In that case a real gain would be to have C to spawn multiple threads, since a multiply is easy to make parallel (4 threads processing 100000/4 elements each). Running B and C concurrently is totally useless.

Only good use case for such a scheme would be:


In that case we have B which also has a decent workload, so running both concurrently would give some performance improvement. But....

Now let's look a bit closer again:
B still has much less workload than C, so D will have to wait for C again.
If now we push 10 times more data to C, D will still wait for C.

So bottleneck stays C.

Since both operators are easy to parallelize, running data parallel on B and C would still give a much higher performance boost.

Now we can also say? Why not Using both techniques? (eg: run task parallel and data parallel)

Well you'll run into issues, it can be done, but it's pretty complex. Now you'll have B and C fighting for processing time, so it's not as easy as it looks.

Now just to add a little bit, let's add 2 more nodes E and F.


Now what path is your scheduler gonna choose?
3 threads for B,C,E, barrier on D, barrier on F
2 threads, B,C,D in serial, E on it's own, barrier on F?

Since each node can also have different workload (which can also vary over time), well combinatorial explosion on the way.

And here I got only 6 nodes (I don't count the iobox ;) think of a composition with 1000 nodes (which is a small composition in general if you have low level node set).

Also add the fact that composition needs to submit data to gpu for rendering (Since we don't want to do hello world all the time ;) , GPU having parallel command list on it's own, You also have (like in my last project) several threads for network sync,camera/video decoding, texture streaming.
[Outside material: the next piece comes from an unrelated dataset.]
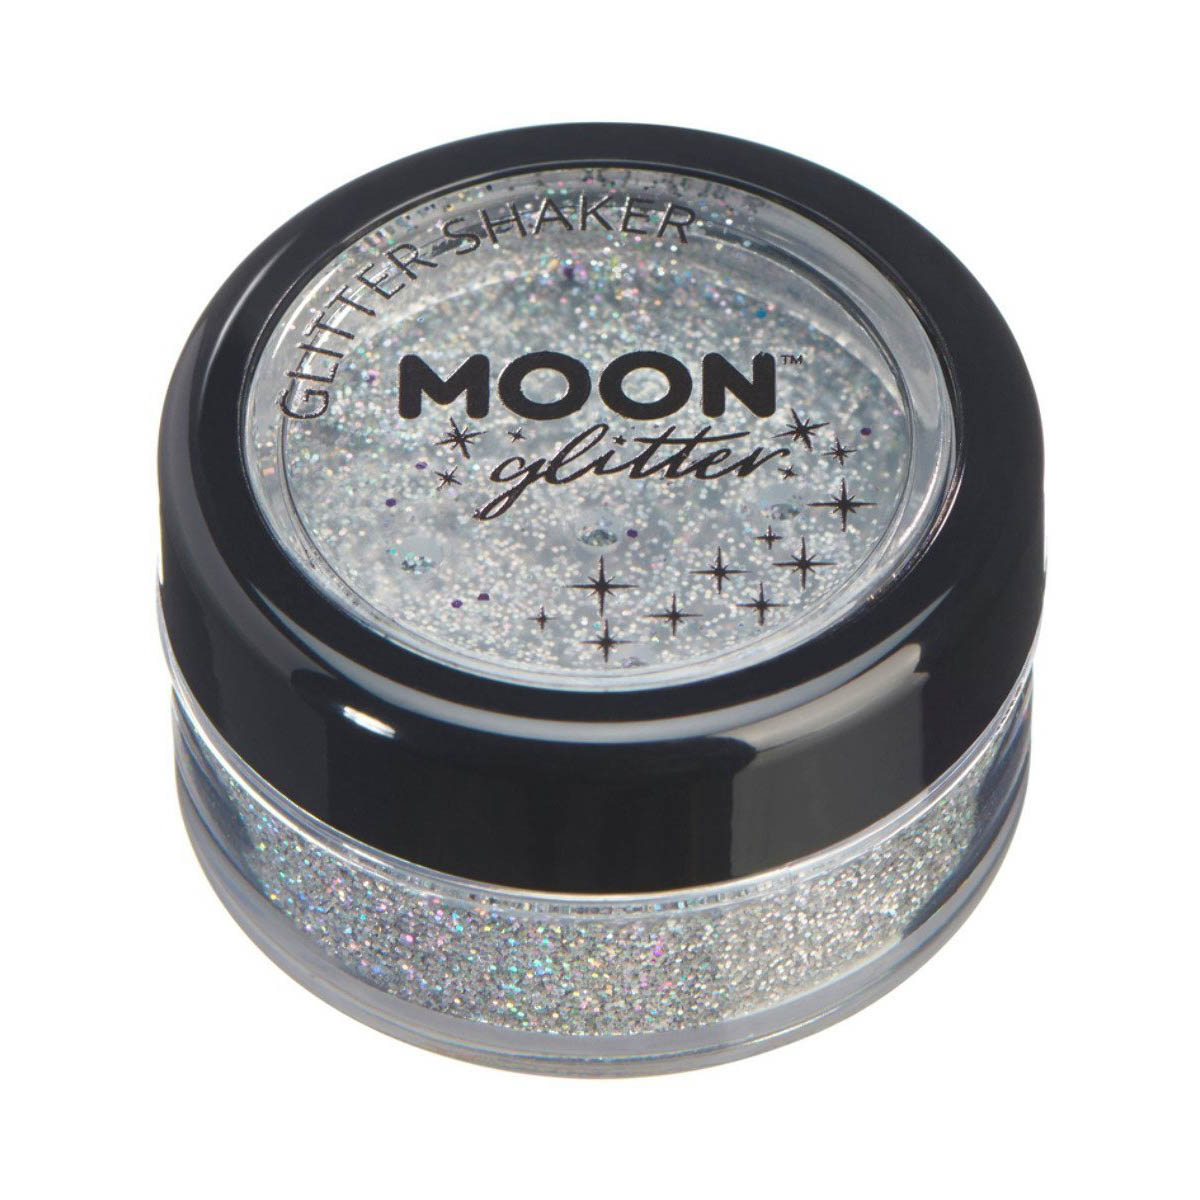 Moon glitter i shaker burk, holografisk 5g Silver

In that case adding more cores into your graph might also pollute those and make you whole application run slower.

I'm not even mentioning that if you need to render the data above, you can replace that patch with a compute shader and blow away performance anyway (by a pretty huge factor).

So basically, multicore graph processing is hard, don't advertise it unless you can show some proper rock features, not an hello world with 4 nodes which doesn't even benefit from it ;)

Best solution (but not "designer friendly", is to give use the choice, to let them decide where they know some parts of their compositions are intensive and select that manually).